人巨细胞病毒（HCMV）立即早期1（IE1）和IE2蛋白是病毒复制的关键调节器。这两种蛋白都是有效建立裂解感染所必需的，而IE1和IE2的新生表达对于从潜伏期重新激活至关重要。因此，IE1和IE2蛋白表达的调节是HCMV感染结果的重要事件。编码IE1和IE2的主要转录本的转录已得到很好的研究，但对控制IE1和IE2蛋白质合成的转录后机制的了解相对较少。mRNA 5'非翻译区（5'UTR）在调节mRNA翻译中起重要作用。因此，为了更好地理解IE1和IE2 mRNA翻译的控制，我们检查了IE1和IE2 mRNA的5'UTR共享（MIE 5'UTR）在调节翻译中的作用。在无细胞系统中，MIE 5'UTR会抑制翻译，这是根据其长度和序列组成预测的。然而，在转染的细胞中，我们发现MIE 5'UTR增加了报告基因的表达并增强了其与多核糖体的结合，表明MIE 5'UTR在翻译控制中具有积极作用。我们还发现，MIE 5'UTR对于感染期间有效的IE1和IE2翻译是必需的。尽管IE1和IE2 mRNA的水平相似，但用相同长度的非结构化序列代替MIE 5'UTR会降低IE1和IE2蛋白的表达，并降低IE1和IE2 mRNA与多核糖体的结合。野生型MIE 5'-UTR序列对于有效的HCMV复制也是必需的。

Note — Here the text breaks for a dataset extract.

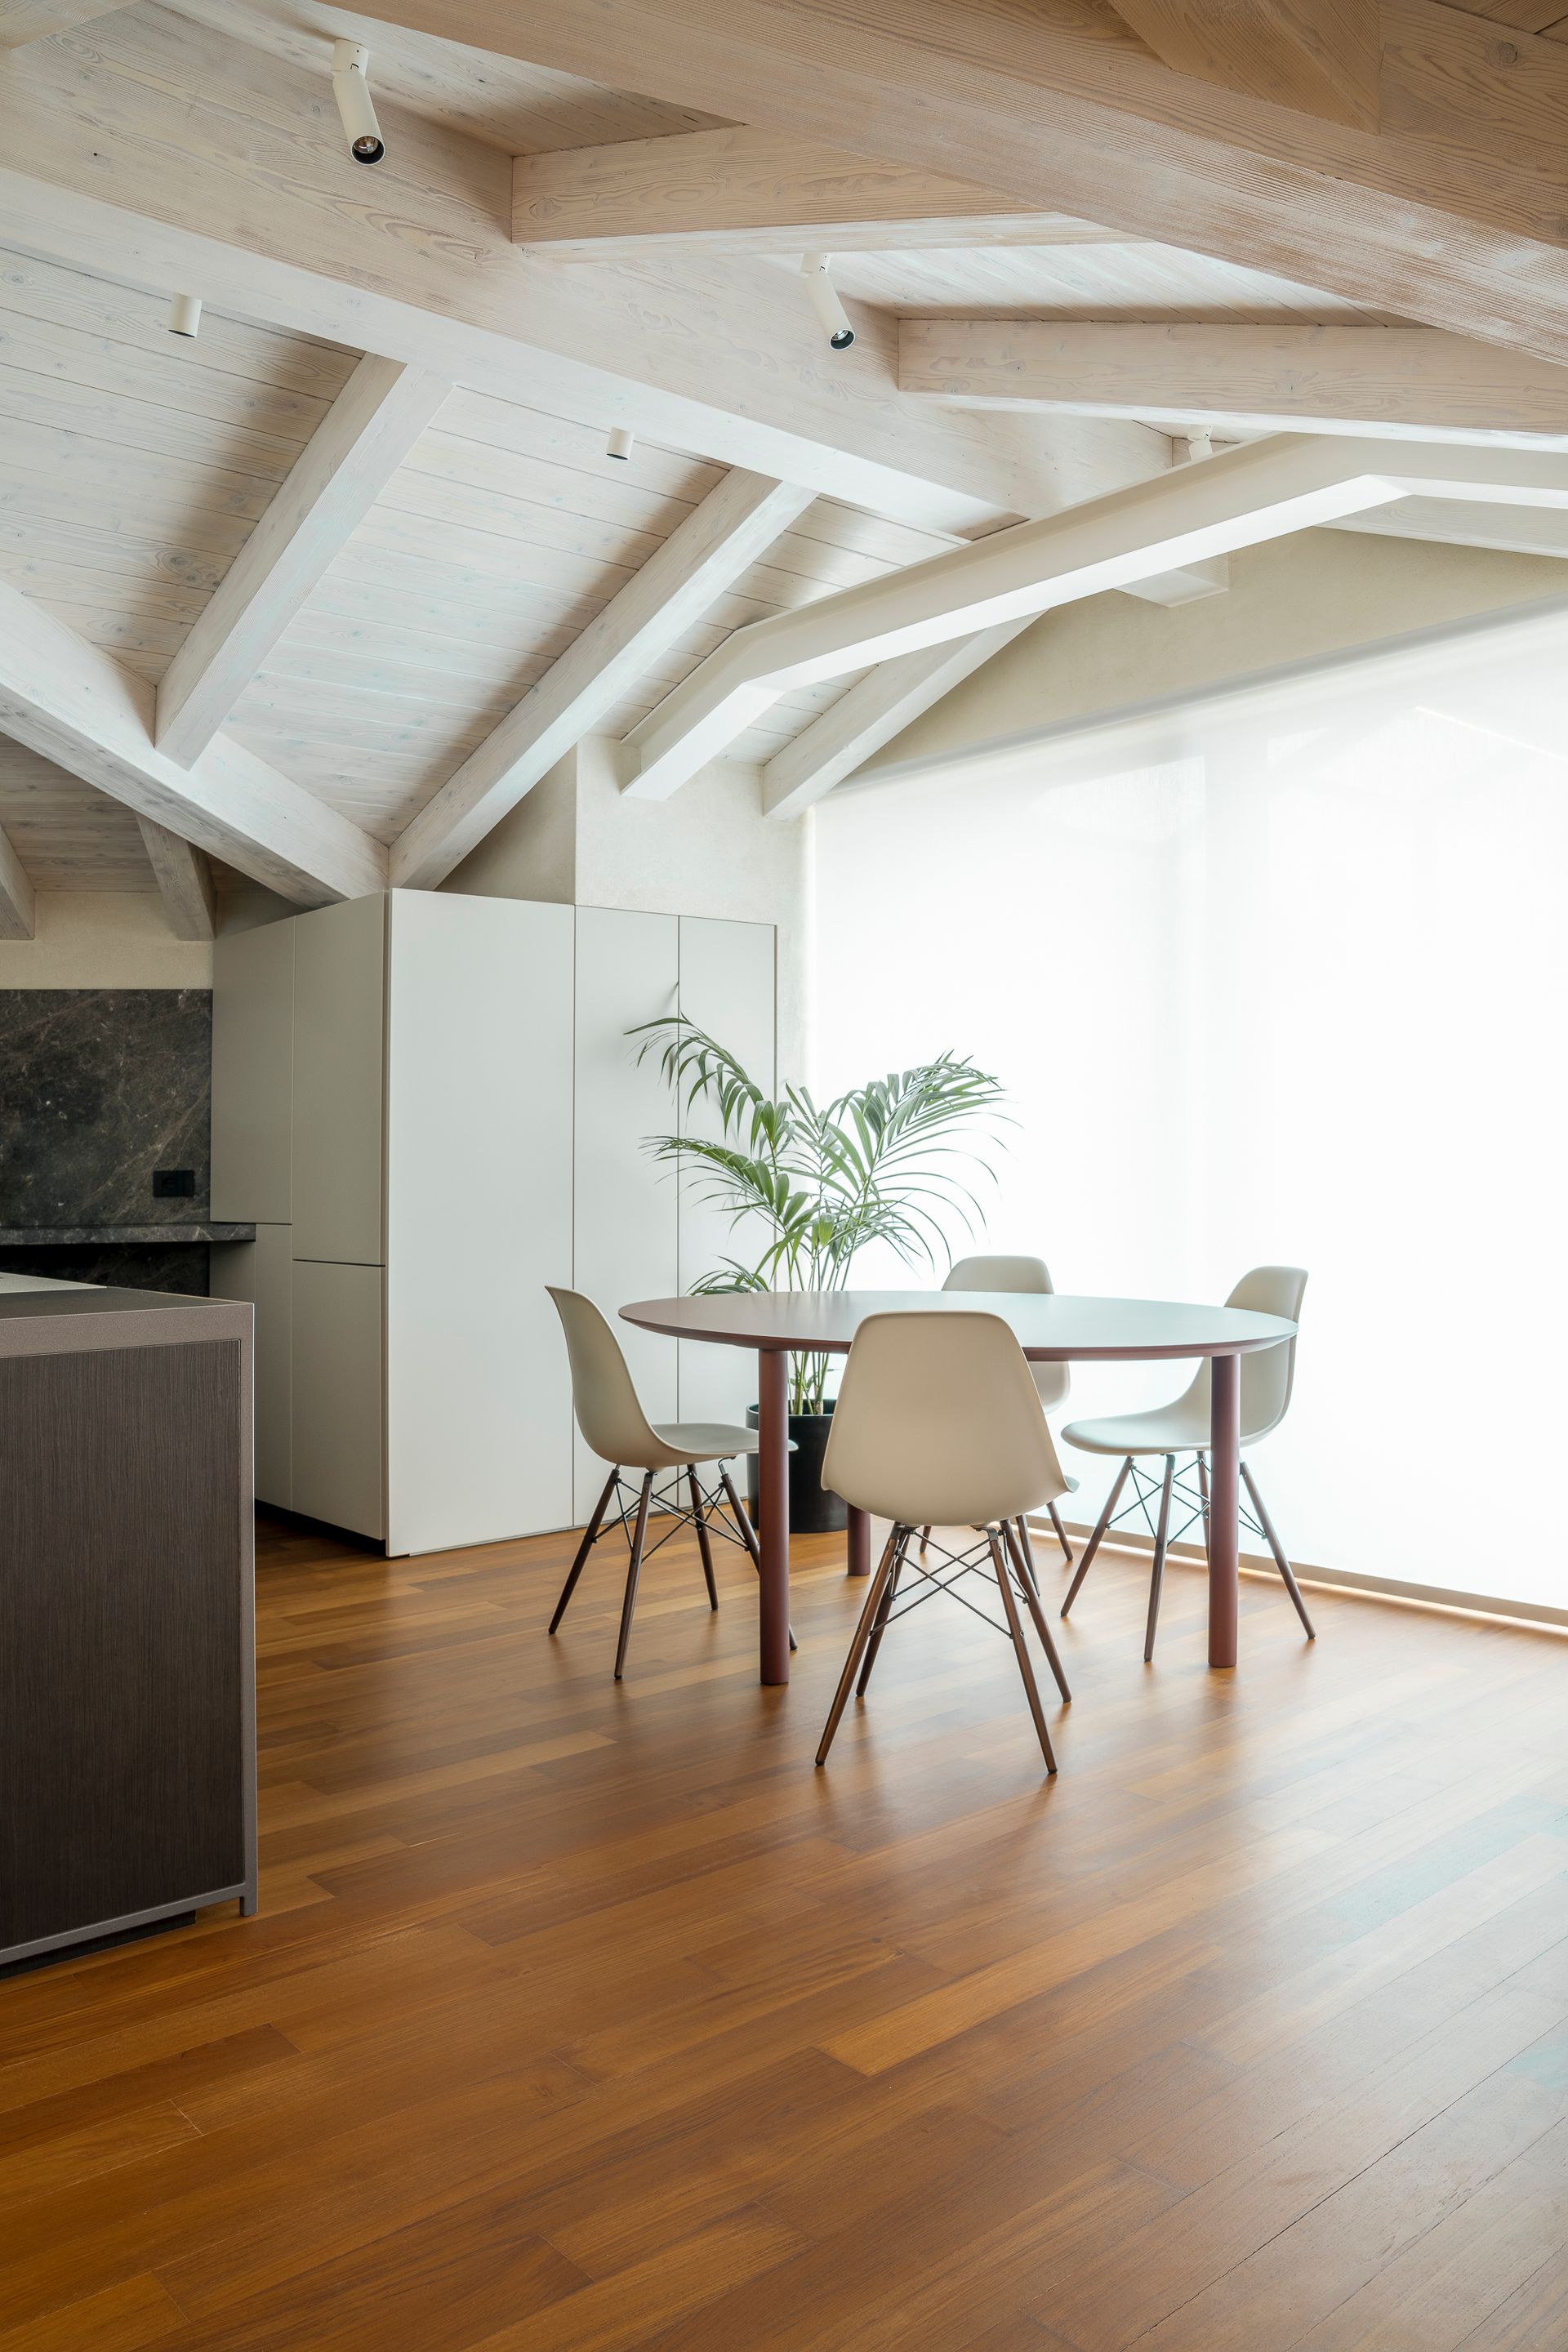 Interior design project, attic renovation with terrace with a view Bergamo, Milan, Lake Como, London, New York, Paris, Gstaad. Officina Magisafi architecture design - table

重要性HCMV IE1和IE2蛋白是HCMV复制的关键调节剂，无论是在原发感染期间还是病毒潜伏期重新激活期间。因此，定义调节IE1和IE2表达的因素对于理解控制HCMV复制周期的分子事件很重要。在这里，我们确定了MIE 5'UTR在介导IE1和IE2 mRNA的有效翻译中的积极作用。由于几个原因，该结果是重要的进步。迄今为止，大多数对IE1和IE2调节的研究都集中在定义调节IE1和IE2转录的事件上。我们的工作表明，除了转录的调控外，IE1和IE2还受翻译水平的调控。所以，这项研究很重要，因为它确定了控制IE1和IE2表达并进而控制HCMV发病机理的另一层调控。这些翻译调节事件可能会受到限制IE1和IE2 mRNA翻译从而抑制裂解复制或阻止HCMV激活的新型抗病毒治疗药物的靶向。